-- MATERIAL PROVIDED --
•••

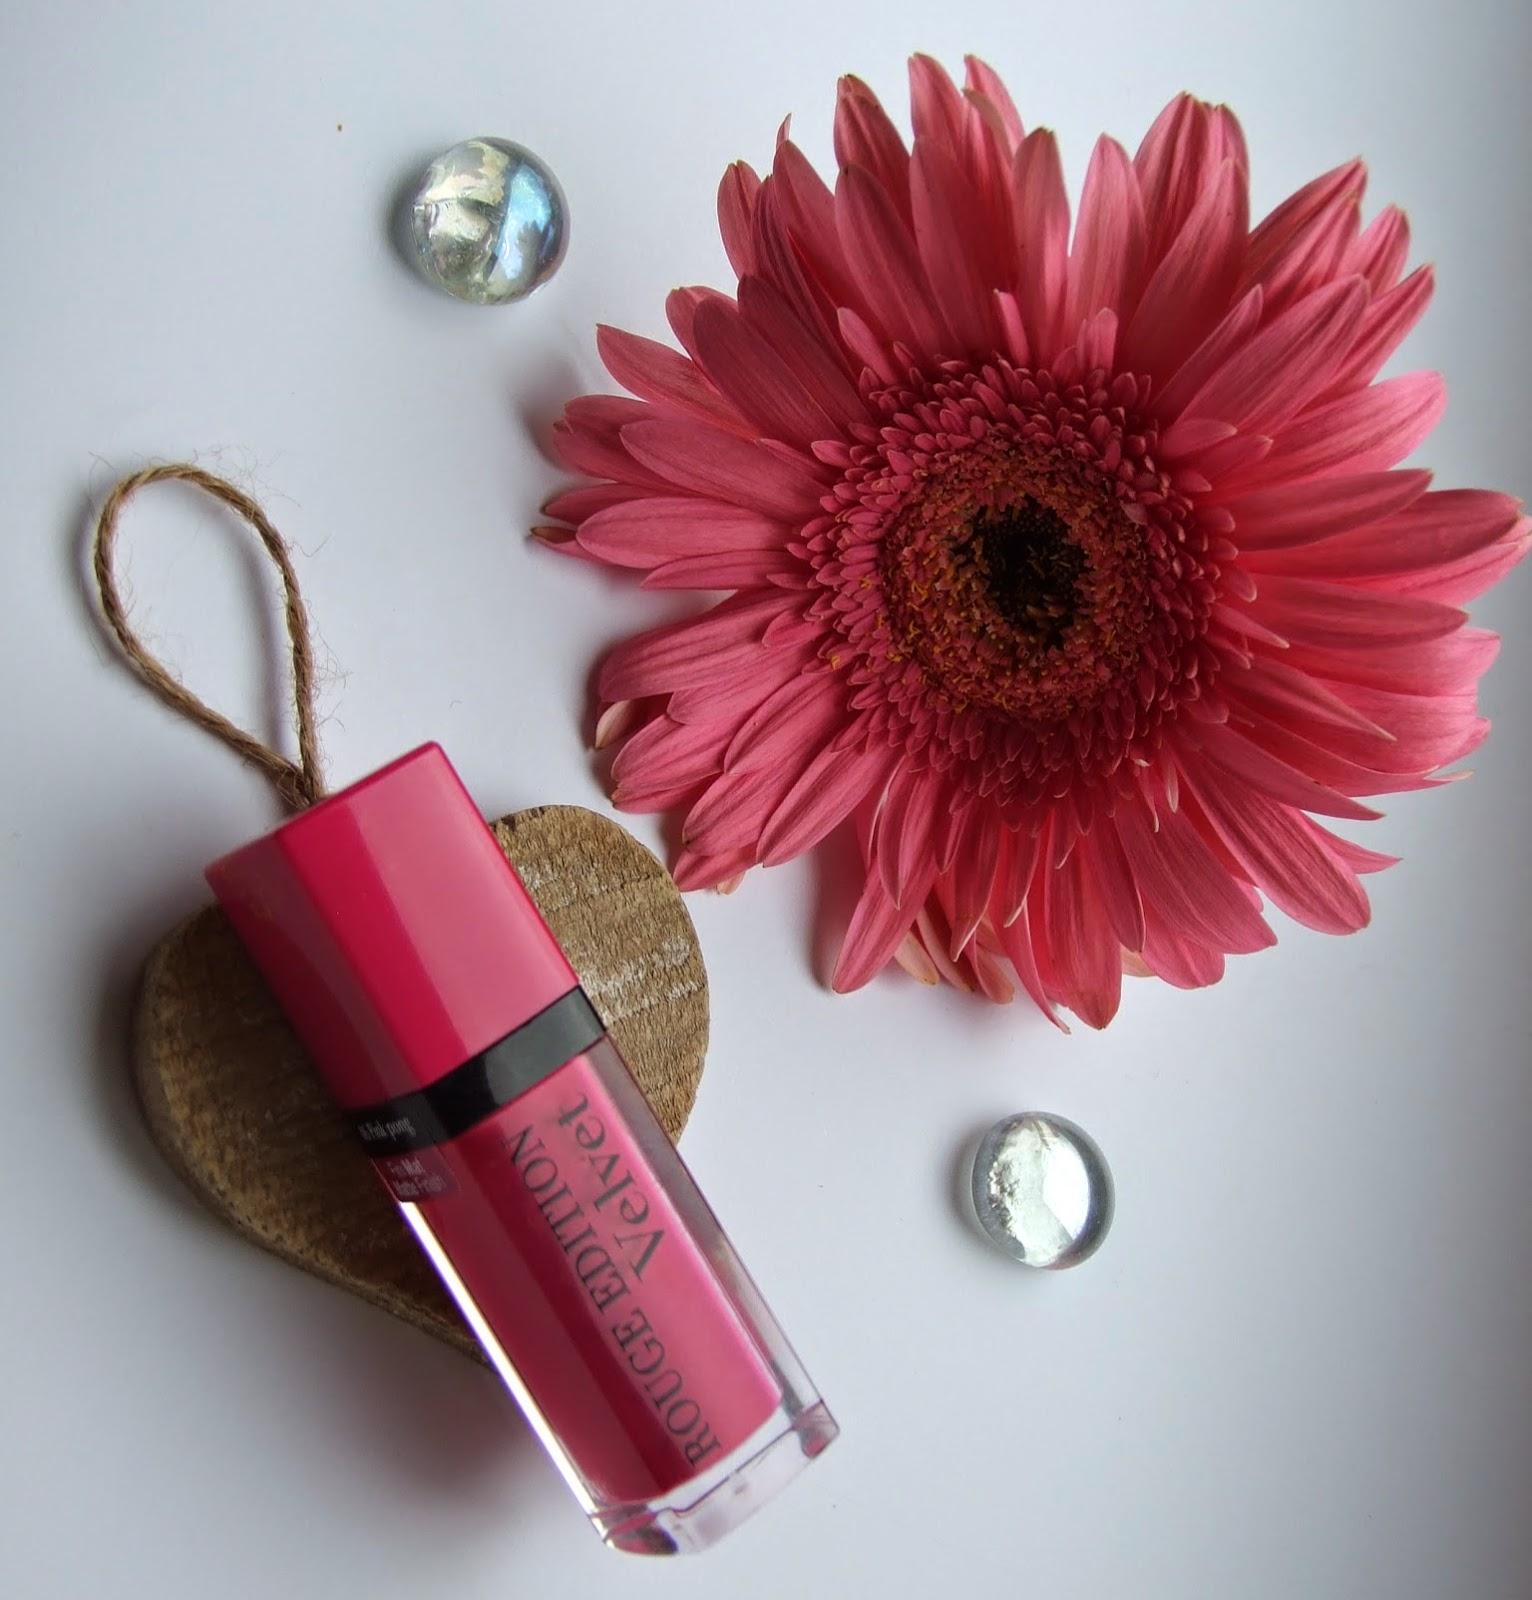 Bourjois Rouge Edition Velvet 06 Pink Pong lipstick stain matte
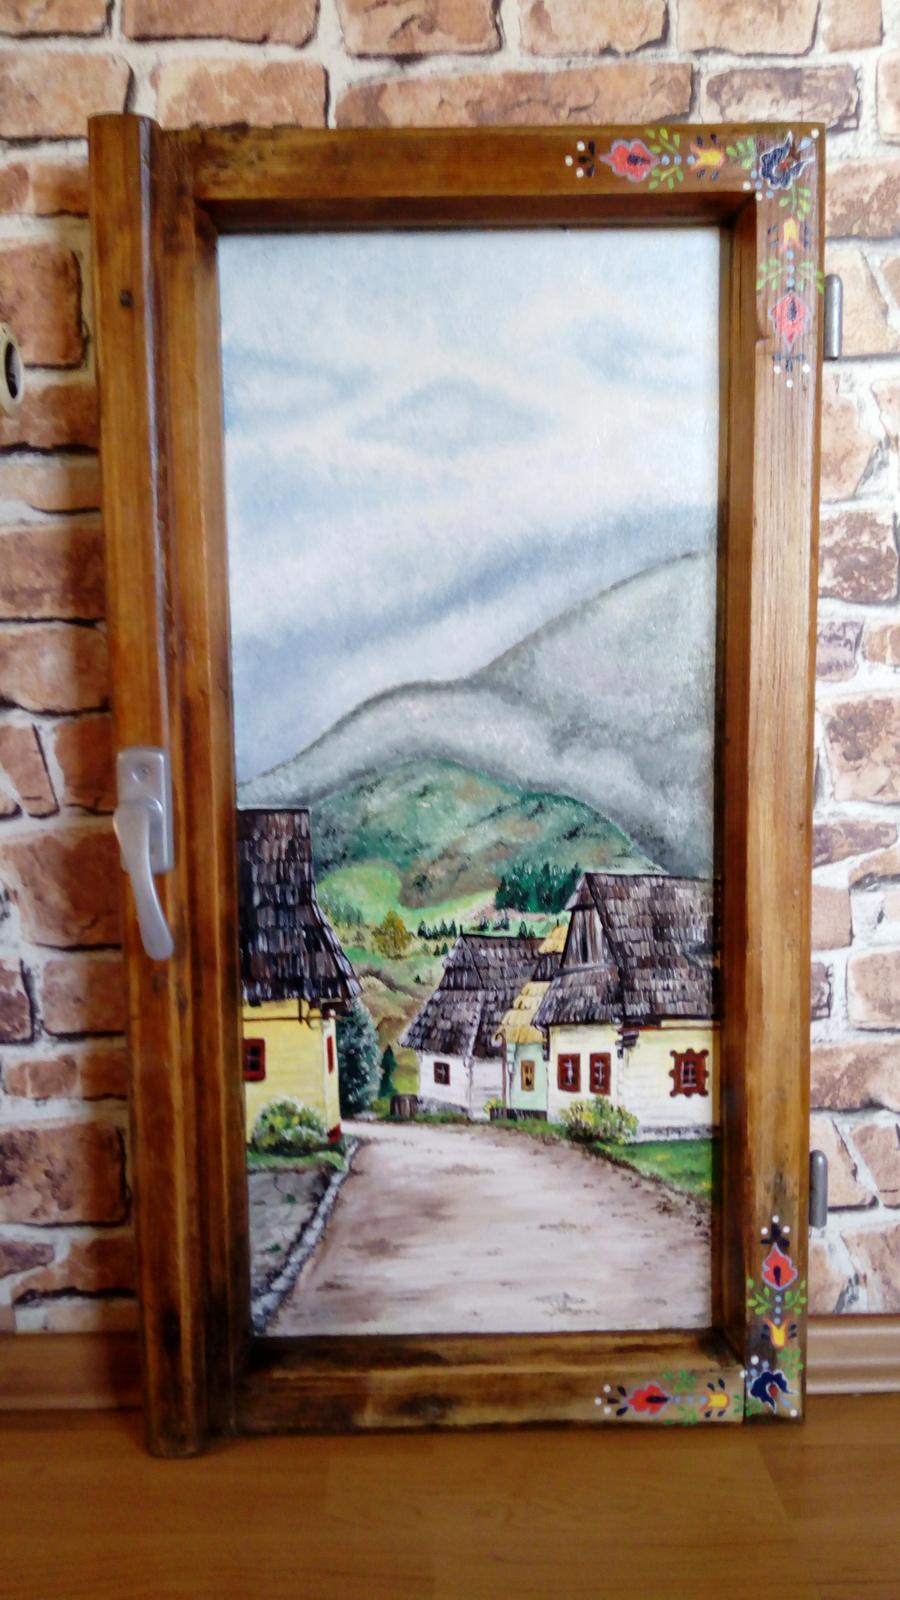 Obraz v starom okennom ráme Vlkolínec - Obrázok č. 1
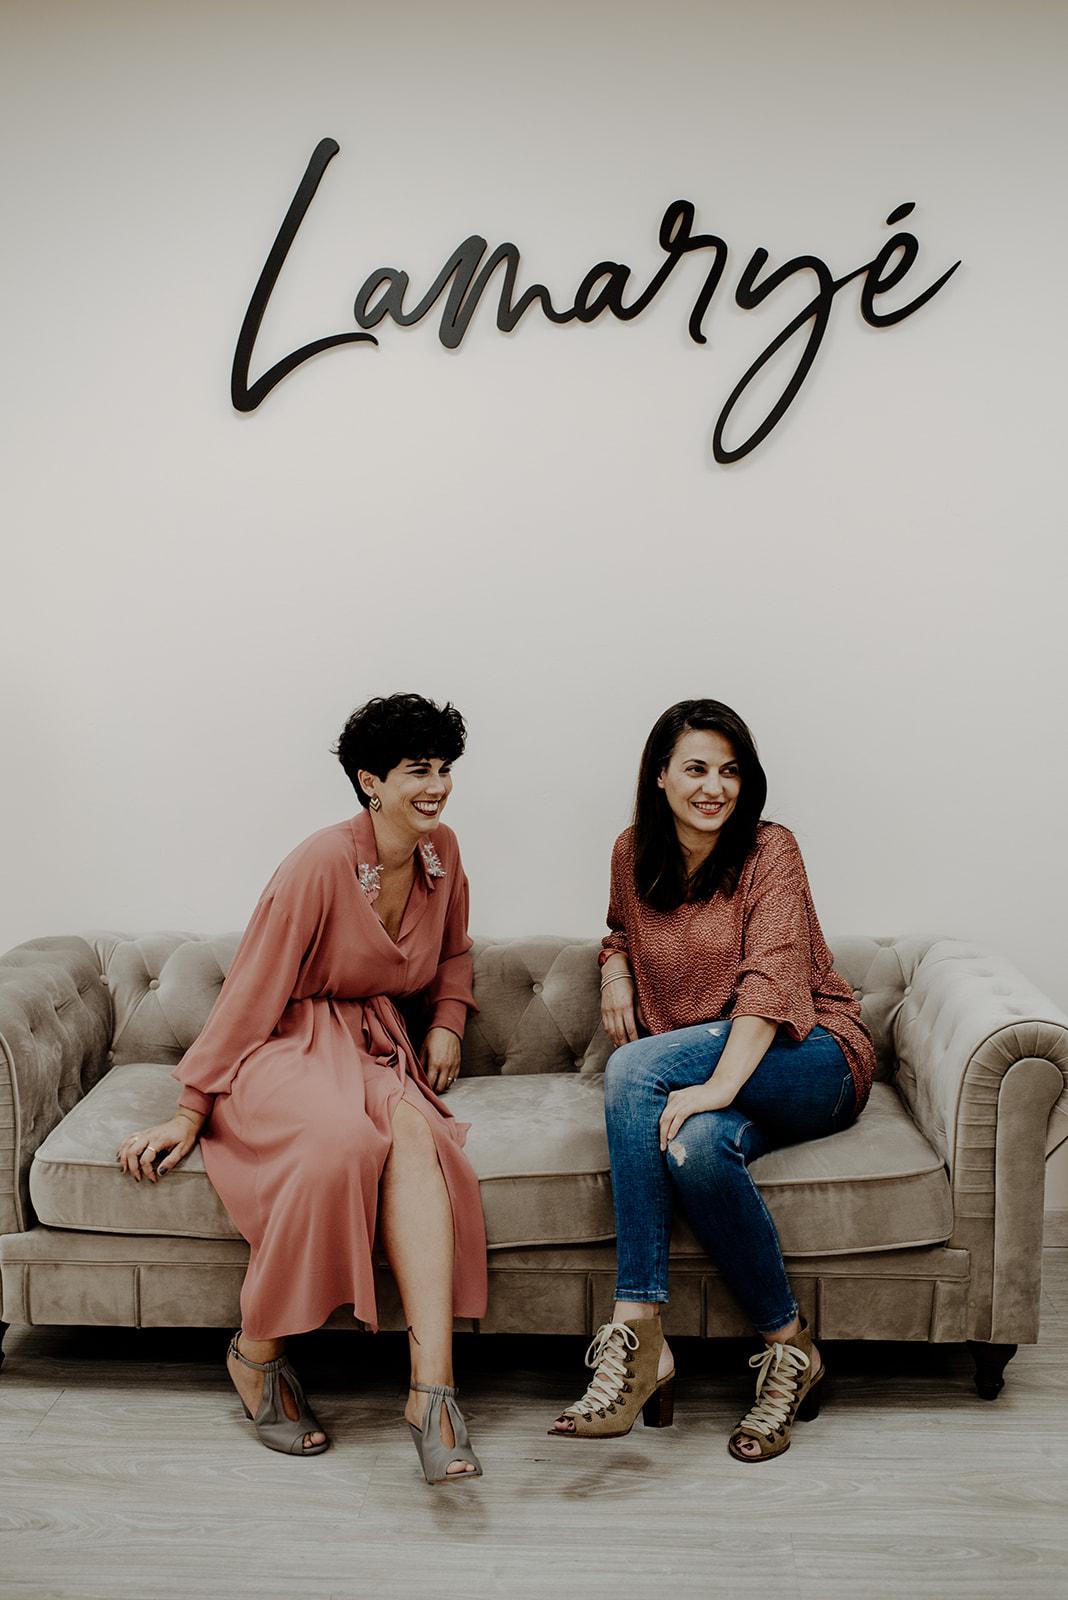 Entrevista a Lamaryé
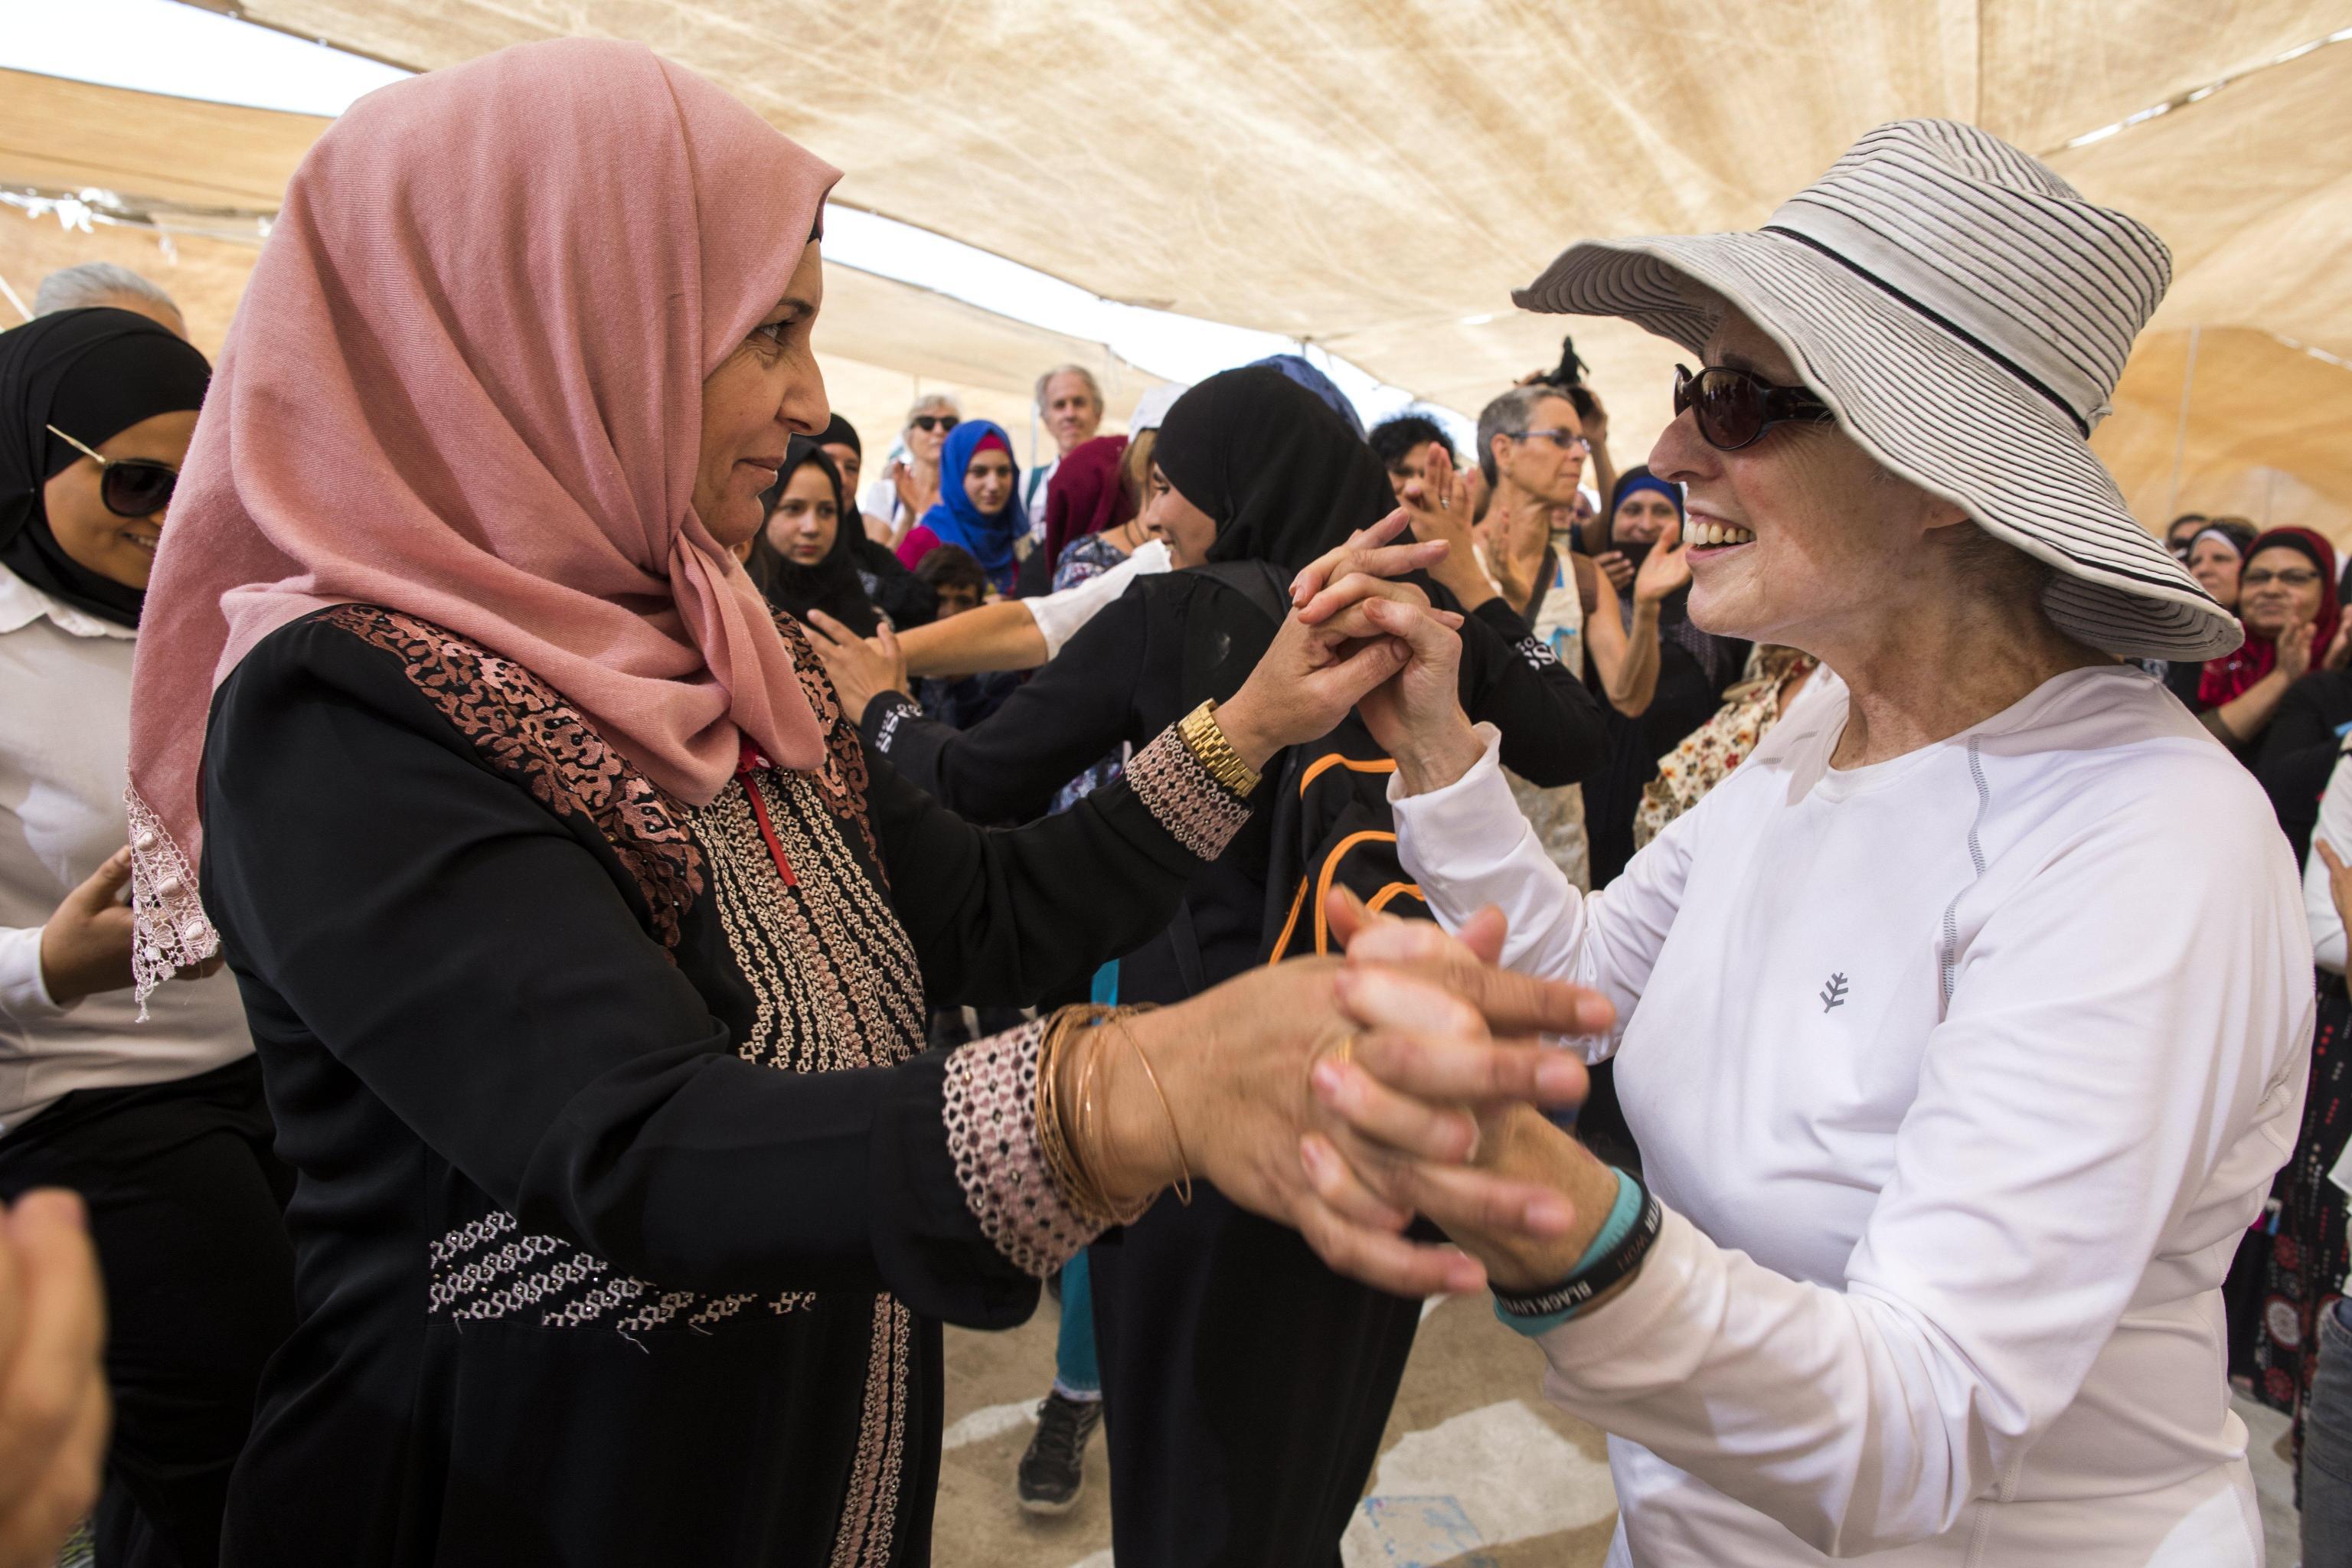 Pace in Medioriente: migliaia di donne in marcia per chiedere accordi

•••

Transcribe the listing word for word, but keep its pictures out of the copy.

 Bourjois Rouge Edition Velvet 06 Pink Pong lipstick stain matte
 Obraz v starom okennom ráme Vlkolínec - Obrázok č. 1
 Entrevista a Lamaryé
 Pace in Medioriente: migliaia di donne in marcia per chiedere accordi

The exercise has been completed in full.